Wednesday, May 24, 2006

The greatest business myth?

One of the great myths about business is:

"Build a superior product, offer a superior service, and provide
elegant solution to difficult problems, and you will be successful."


It is a shame that the best talent, the groundbreaking work,
the technical superiority is in the field that is suffering the most
with the highest cutbacks, the slimmest of margins and lowest
of salaries.

Perhaps it is because (technology) is not a glamorous industry.
We don't make the Internet faster, or the seal.. er.. seal better.
We make machines work. We make turkey bags from 11 layers
of plastic film so people don't get sick from spoiled food. We make
bolts stronger so engines don't fall off airplanes. We make drugs
that cure diseases. And yet we earn some of the lowest salaries.

Consumers drive prices down, which drives costs down, which
drive overhead down, which drive salaries and benefits down.
To me, business currently means means that some of our smartest and most talented people. With key skills and experience developed in the manufacturing industries are spinning the wheels. I know talented project managers who are now selling carpets. My neighbour used to build sophisticated head-end servers - and he is now selling kitchens at B&Q. I’m sure they are very nice people at B&Q it's not what they want to do, it's not what they should be doing - so why are so many talented people having such a hard time?

Here's why:

What you can do and how good you are does not matter.

What matters is how well you COMMUNICATE what you do
and how good you are.

That is the difference. And you know it’s true. Everyone knows the person who has been promoted above their capabilities, who suffer delusions of competence, but they talk a damn good job and know exactly what noises they need to make to move them onwards and upwards.

Every year, tens of thousands of people invent, innovate
and create brilliant products, terrific solutions to truly perplexing
problems - only to find out that it's darn hard to raise money
for their new ventures, and even harder to get customers to
listen.

Most of the time those new products and services
die on the slag heap of great ideas that never saw the
light of day.

You don't want that to happen to your great idea.

So here's how to make sure it your idea doesn't prematurley expire:

Make sure that marketing, sales, advertising and PR is
the foremost priority in your new venture.

Even if you don't like Microsoft (they're not my favourite
company either, (I converted to mac several years ago and am still waiting for my first crash)), you MUST learn this lesson from them: They don't have the best software by any stretch of the imagination,
but they do have the best sales strategy. And in business,
It’s the sales strategy that wins, not the superior technology.

So if you're waking up every morning thinking about the
minute details of your cool product or service, please stop
and re-calibrate. Understand this:

1) Having a superior product is not necessarily an advantage,
and can even be a DISadvantage - because it can distract you
from the real objective, which is to GET and KEEP customers.

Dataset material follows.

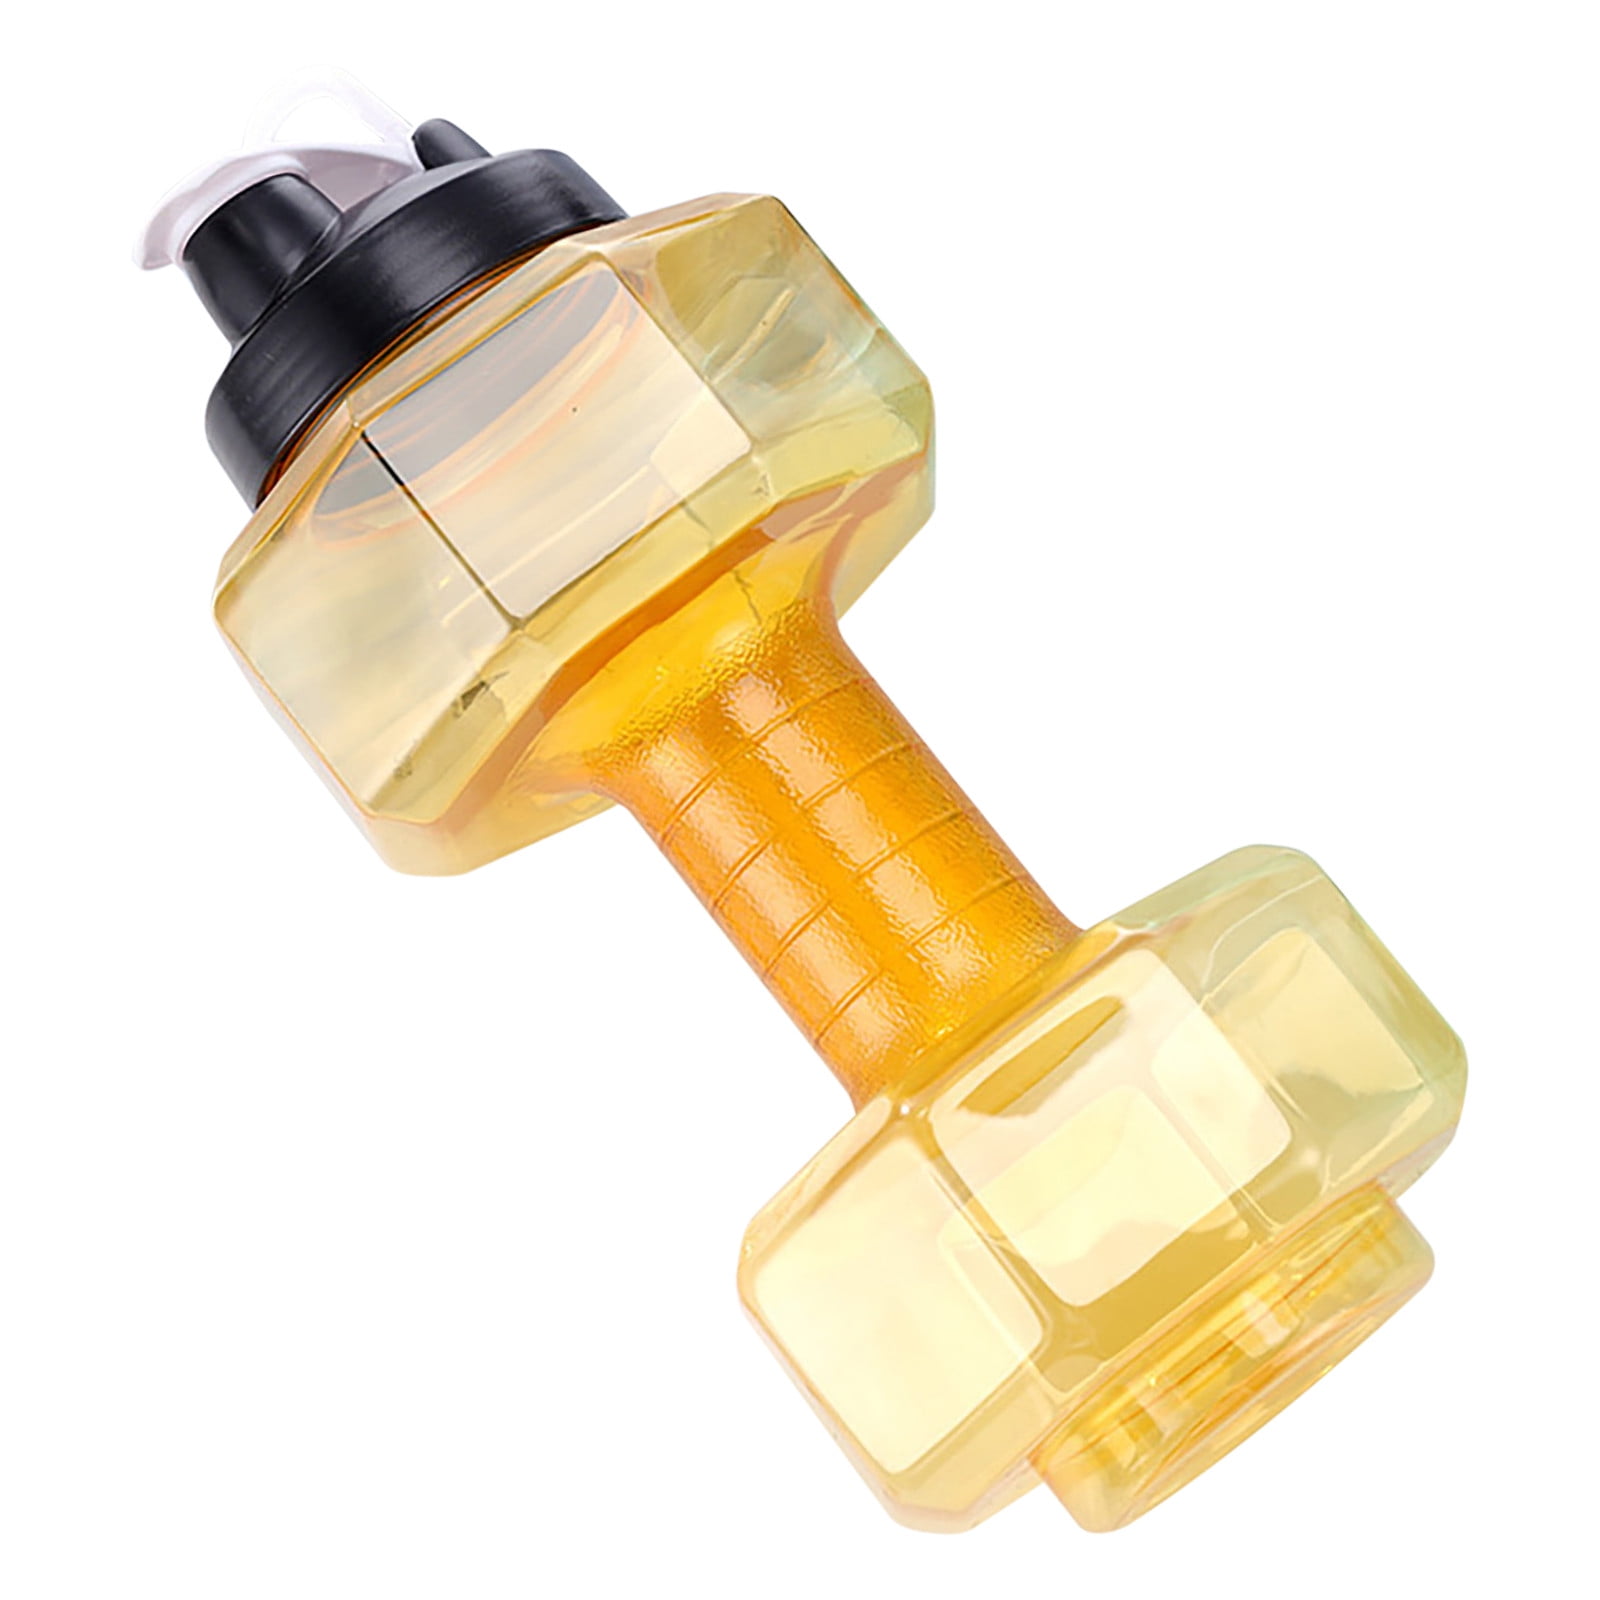 SDJMa Dumbbell Water Bottle, Workout Water Bottle For Women and

2) The product you develop is rarely the product your
customers want to buy. That's OK as long as you're listening and
flexible. But if you've already spent all your money perfecting
the product, then you won't have any left to respond to customer
feedback.

3) The product or service itself is, at most, maybe 25%
of the equation. Advertising, PR strategies, and real-world
market testing (as opposed to "market research", which is
usually just "opinion research") --- all of these things are
MORE important than the product.

4) Innovate, Don't Invent -- It's much easier to go into
an existing market and solve an existing problem with
a slightly improved, more interesting product (innovation)
than to create a product from scratch that solves a problem
people don't realize they have. That's goes along with my
principle of "enter the conversation inside the customer's
head." Align your self to your customers.

Back to my neighbour selling kitchens—nobody needs to suffer this fate. But don't underestimate the challenge: If you have superior talent, then the best investment you can make is in communicating that talent to the world -- clearly, effectively, and without fail.